The source of the androgens may differ in males and females. The testes are the primary source of androgens in males, and because castrating male mice blocked the effects of exercise on axon regeneration in cut nerves [8], gonadal androgens must be considered the prime candidate for the source of androgens that are required for the effects of continuous treadmill training on synaptic withdrawal in males. In females, since no significant increase in serum testosterone was noted after interval training [48], the required androgens must come from some other source. Sex steroids can be synthesized in a number of tissues, including the central nervous system [56]. In the spinal cord, enzymes in the biosynthetic pathway for androgens are found both in motoneurons [57], [58] and glial cells [59], [60], [61], [62], indicating that these cells could be a source of localized production of androgens.
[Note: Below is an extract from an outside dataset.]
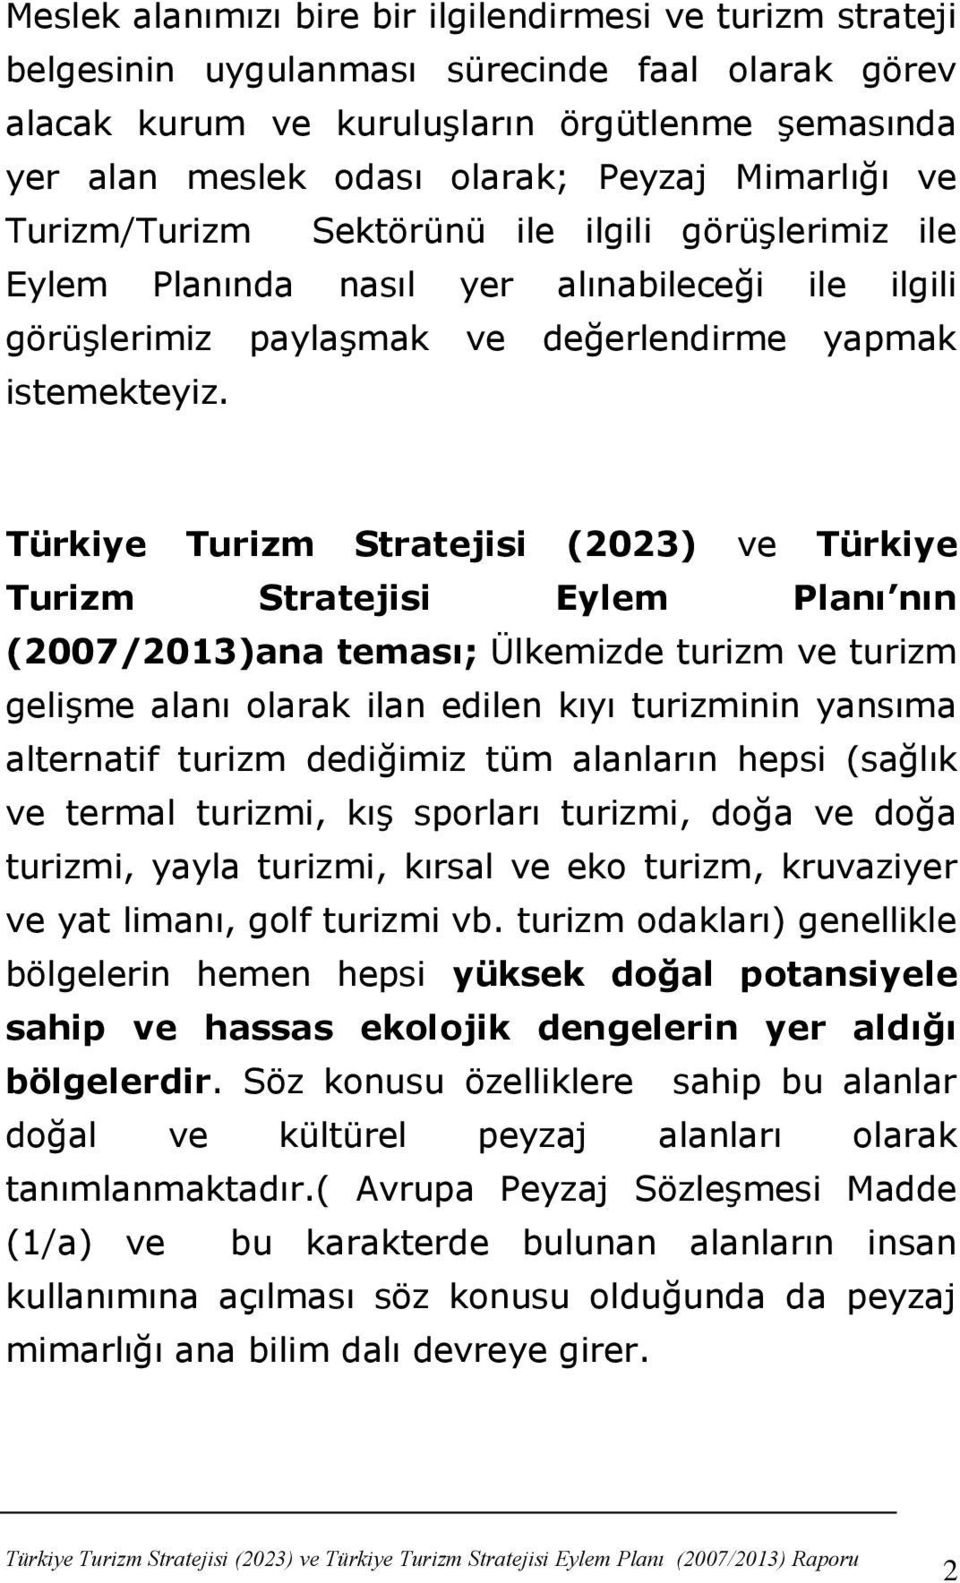 Türkiye Turizm Stratejisi (2023) ve Türkiye Turizm Stratejisi Eylem Planı nın (2007/2013)ana teması; Ülkemizde turizm ve turizm geliģme alanı olarak ilan edilen kıyı turizminin yansıma alternatif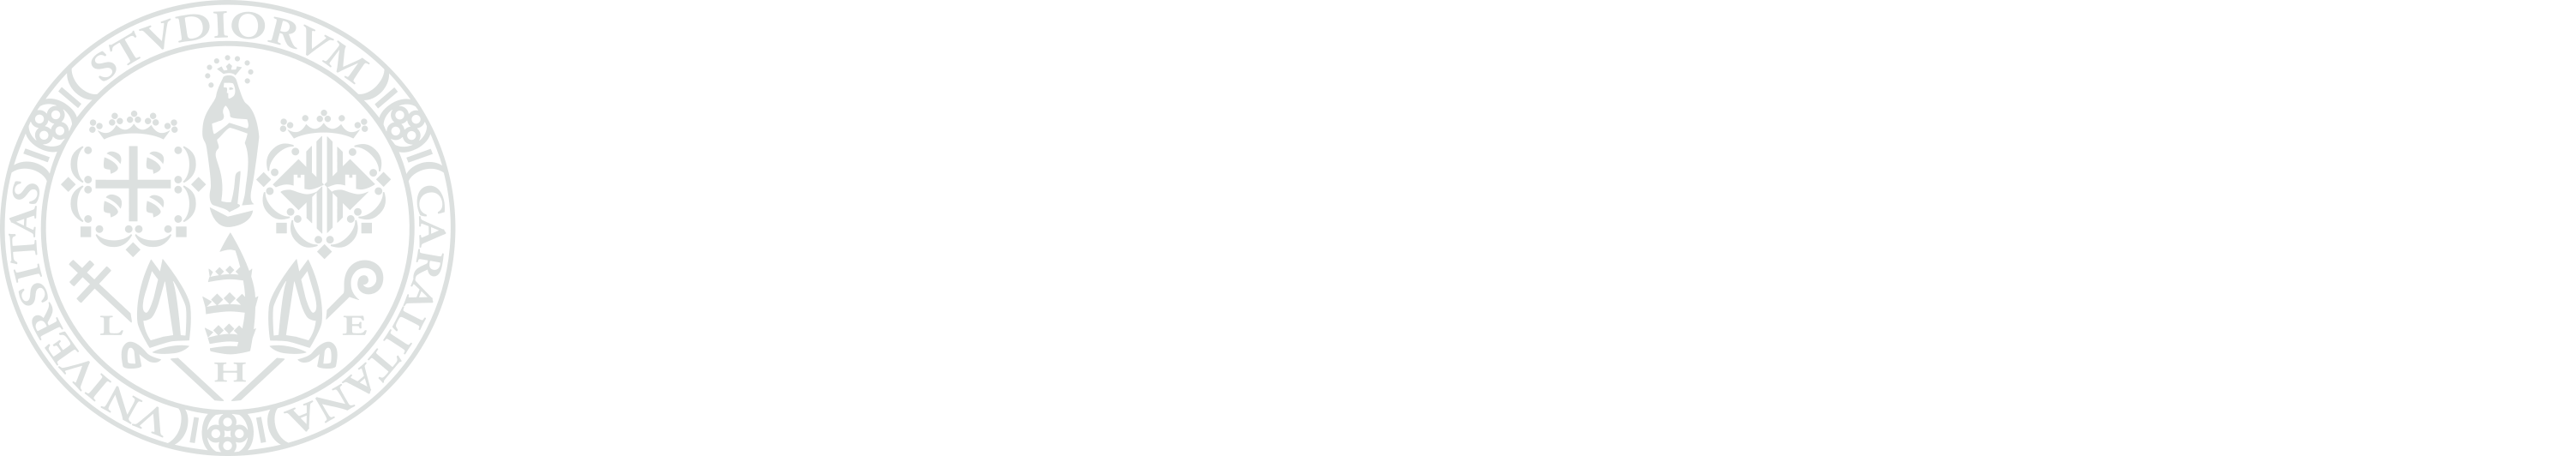 Cagliari University logo

Of particular interest is the enzyme cytochrome C P450 aromatase, which catalyzes the conversion of testosterone and its precursors into estradiol, a potent neurosteroid. If exercise inhibited aromatase in spinal cord motoneurons and/or glial cells, an increased availability of androgens and decreased availability of estradiol might be expected in the vicinity of the axotomized motoneurons. Such localized change in expression of androgens and estrogen receptor ligands, such as estradiol, could contribute to the observed effects of exercise on synaptic inputs onto motoneurons. Such an effect is not unprecedented. Interval training in female rats resulted in a marked depression of muscle aromatase activity [63]. Pharmacologic inhibition of aromatase resulted in a marked enhancement of axon regeneration in unexercised female mice [8]. This notion could be tested by measuring or manipulating aromatase activity in motoneurons and glial cells after different forms of exercise in male and female mice.

Conclusions

Moderate daily treadmill training following peripheral nerve transection can affect the extent of contacts made by excitatory and inhibitory synaptic inputs with the somata motoneurons. The requirements for effective exercise treatments are different for males and females. Cellular signaling through the androgen receptor is required for the effects of exercise in both sexes. Exercise could be a potent and low-technology treatment to help maintain circuitry in the central nervous system, but the requirements for its effect will require careful consideration.

Funding Statement

This work was funded by NIH Grants NS057190 and HD032571 from the USPHS. The funders had no role in study design, data collection and analysis, decision to publish, or preparation of the manuscript.